An fps1Δ strain was transformed with plasmids expressing wild-type Fps1-GFP or the mutant Fps1-GFP derivatives and grown in selective medium to mid-exponential phase. Samples of the resulting cultures were viewed directly under an epifluorescence microscope (model BH-2; Olympus America, Inc.) using a 100× objective fitted with appropriate band-pass filters (Chroma Technology Corp.). Images were collected using a CoolSNAP MYO charge-coupled device camera (Photometrics, Tucson, Arizona, United States).

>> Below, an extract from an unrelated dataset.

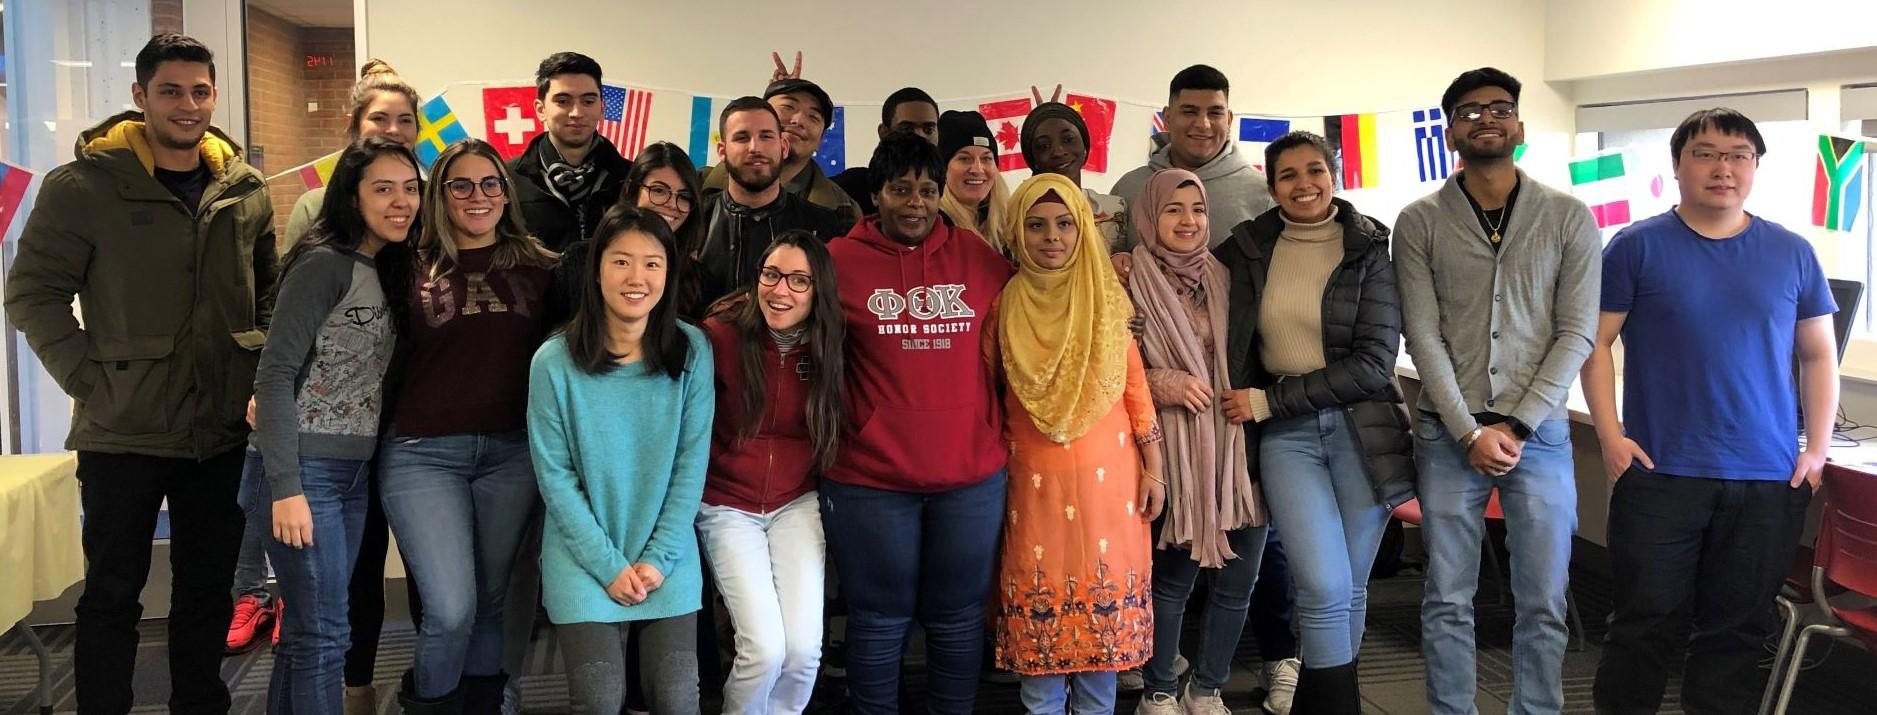 International Students - Delaware County Community College Regarding Delaware County Community College Academic Calendar 2021

Co-immunoprecipitation of Fps1 and Rgc2

Co-immunoprecipitation experiments were performed with minor modifications as previously described (Lee et al., 2013). Cells expressing Fps1-3xFLAG (yAM271-A), Fps13A-3xFLAG (yAM272-A) or untagged Fps1 (BY4742) were transformed with empty vector or the same vector expressing Fps1-3xFLAG (pAX302) or Fps13A-3xFLAG (pAX303) under control of the MET25 promoter. These transformants were then co-transformed with a plasmid expressing Rgc2-3xHA under control of the MET25 promoter (Lee et al., 2013). Cultures of each were grown to mid-exponential phase in SCD-Ura-Leu. Cultures were then diluted to A600 nm = 0.2 in 1 l of SCD-Ura-Leu-Met to induce expression of Rgc2-3xHA and Fps1-3xFLAG and grown at 30°C for 4 hr. Cells were harvested by centrifugation and resuspended in 5 ml of TNE+Triton+NP-40 (50 mM Tris-Cl [pH 7.5], 150 mM NaCl, 4 mM NaVO4, 50 mM NaF, 20 mM Na-PPi, 5 mM EDTA, 5 mM EGTA, 0.5% Triton-X100, 1.0% NP-40, 1× cOmplete protease inhibitor [Roche, Pleasanton, California, United States]). The cells were then lysed cryogenically using Mixer Mill MM301 (Retsch GmbH, Haan, Germany). The lysate was thawed on ice and then clarified by centrifugation for 20 min at 10,500 rpm (13,000×g) in the SS34 rotor of a refrigerated centrifuge (Sorvall RC-5B). Protein concentration of the clarified lysate was measured using BCA reagent (Thermo Fisher Scientific, Waltham, Massachusetts, United States) and then Fps1-3xFLAG was immunoprecipitated from a volume of extract containing a total of 10 mg protein using 50 μl of mouse anti-FLAG antibody coupled-agarose resin (Sigma Aldrich) equilibrated in TNE+Triton+NP-40. Binding was allowed to occur for 2 hr at 4°C. The resin was then washed extensively with TNE+Triton+NP-40 and the proteins remaining bound were then resolved by SDS-PAGE and analyzed by immunoblotting with appropriate antibodies to detect both Fps1-3xFLAG and Rgc2-3xHA.

Acknowledgements

This work was supported by NIH Predoctoral Training Grant GM07232 and a Predoctoral Fellowship from the UC Systemwide Cancer Research Coordinating Committee (to AM), by NIH Predoctoral Training Grant GM07232 (to KLL), by NIH R01 Research Grant GM21841 and Senior Investigator Award 11-0118 from the American Asthma Foundation (to JT). We thank Stefan Hohmann (Univ. of Göteborg, Sweden), David E Levin (Boston Univ., Boston, MA), and Ted Powers (Univ. of California, Davis) for generously providing strains, plasmids and reagents, Hugo Tapia (Koshland Lab, UC Berkeley) for helpful discussions and reagents for measuring intracellular glycerol, and Jesse Patterson and the other members of the Thorner Lab for various research materials and thoughtful suggestions.

Funding Statement

The funders had no role in study design, data collection and interpretation, or the decision to submit the work for publication.

Funding Information

This paper was supported by the following grants:

  • National Institute of General Medical Sciences (NIGMS) T32 GM07232 to Alexander Muir, Kristin L Leskoske.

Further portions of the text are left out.